How can this be applied in the classroom?
With consideration of Vygotsky’s theory, successful development might look like this:
  • activities where the child moves through these processes: summarizing > questioning > clarifying > scaffolding 
  • Apprenticeships > where an MKO supports a peer, putting support in play where it is needed and facilitates the learning and development, this could be a teacher or peer.
  • Collaborative learning > supports the students development in the ZPD.
When considering the impact of learning on an individual and their cognitive development, one must remember that according to Piaget ‘intellectual growth is a process of adaptation’ achieved through:
  • assimilation: using existing schemas 
  • accommodation: the need for new schemas 
  • equilibrium: the force which moves development along.
Assimilation and accommodation require an active learner; there needs to be a “readiness” (in other words the child must be at the correct stage to learn something news - ZPD) for the child to be successful at developing new schemas and achieving equilibrium, when we schemas suit situations, rather than being in a state of disequilibrium, when new information does not fit the schemas.

In a word - Yes. Research shows that children who are born into or brought up in a high socio-economic status family (e.g. high wealthy, safe, provided for, warm, fed and watered) are more likely to have more cognitive and linguistic stimulation and quicker use of internalized private speech and greater and more successful social exchanges. Children born into or brought up in a lower socio-economic family are likely to have less input for their cognitive abilities and skills and be slower; it’s is likely there will be delays in their development. 

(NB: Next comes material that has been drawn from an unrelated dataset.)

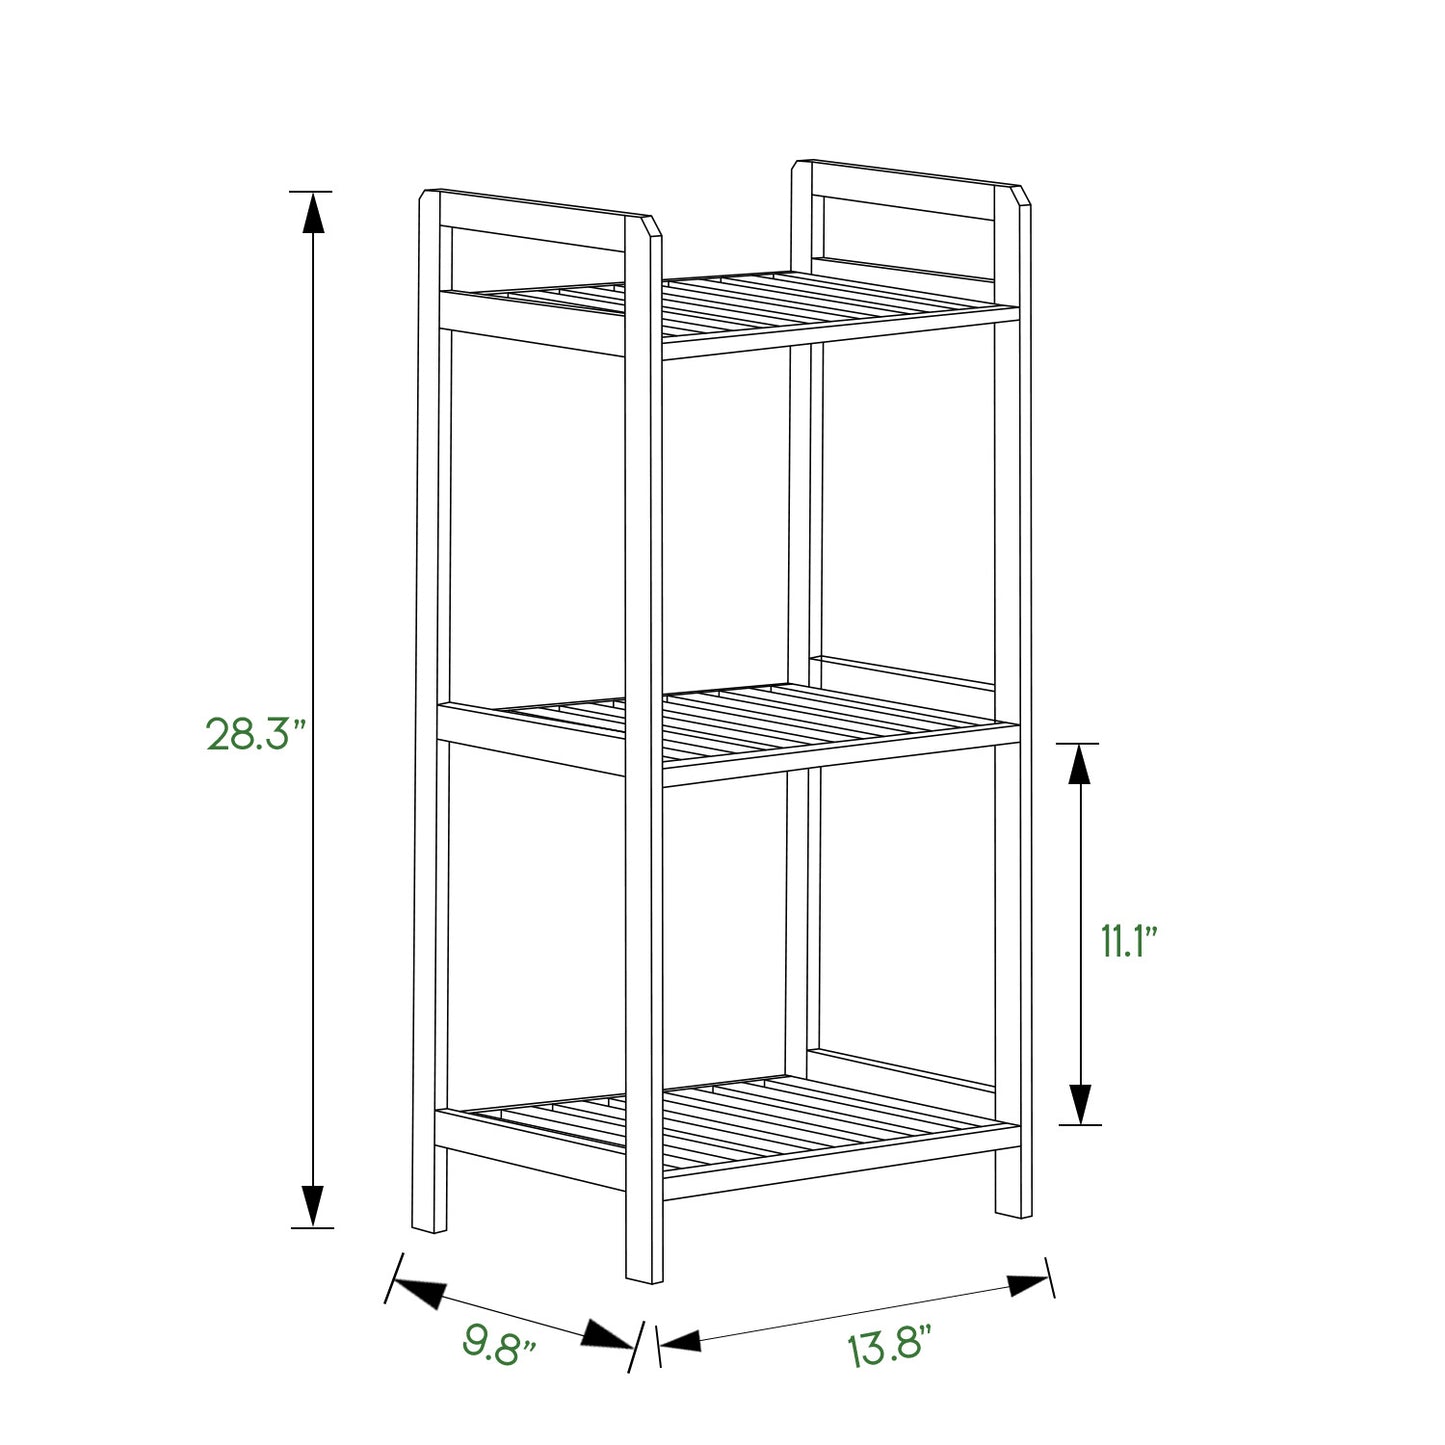 Adjustable Shoe Rack Entryway Shelf Organizer - 3 Tier - Natural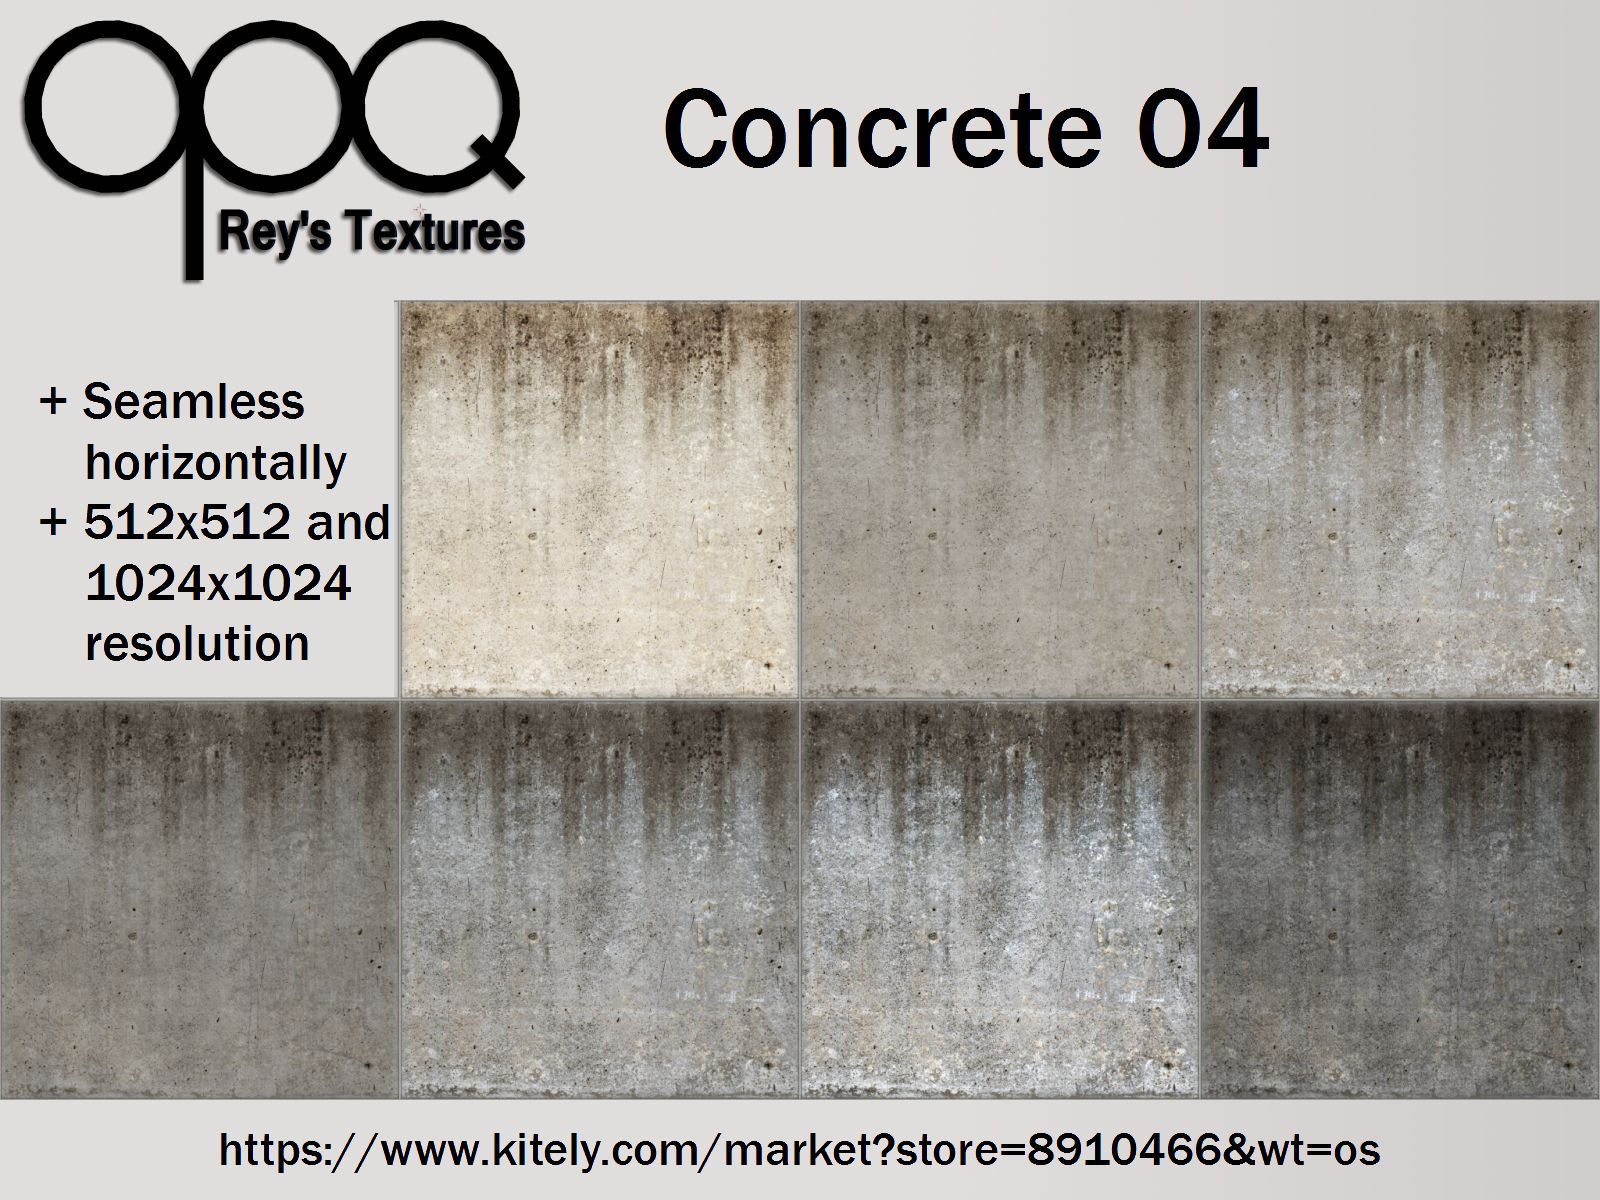 Rey's Concrete 04 Poster Kitely.jpg

How can animal model studies support our understanding of child development?
Unlike with children, you can control environments much more easily with animals. The ethics and morals of these tests are questionable however less so than if we were to inflict them on humans. Also, it is not socially acceptable to ‘investigate’ families for research, without consent, and so we face the problem that we can only work with those families with a willingness and an interest in child development. This could mean that those hard to reach families, who maybe most need to be supported and understood, are untouchable.
For instance, in rats that were in deprived conditions it was observed that the prefrontal cortex (most important for cognition and cognitive development) did not develop healthily. Could we then assume that then same might be same for human development? And how can we see this in children - could behavior reveal synaptic changes? Is there a correlation between personality and cognitive development? And what can be done to support healthy development and reduce deprivation and subsequent unhealthy development?

What are the influences on Cognitive Development in humans, from a multi-disciplinary perspective?
Information from:
  • sensory
  • Motor activity
  • Immediate environment
  • Geography
  • Culture
“Embodied cognition” = interactions between motor and perceptual systems.
The mind and body cannot be separated; there is an interdependence and multi model link between perceptive, motor and cognitive systems.

The environment a baby/infant/child grows up in and the experiences they have is strongly dependent on the environment; cognitive development and culture (social, ecological setting) are inseparable. As such, it’s important to note that difference cultures put different emphasis on different cognitive, motor skills and perception systems. Equally, what is meaningful to one culture is different to another because of Geography.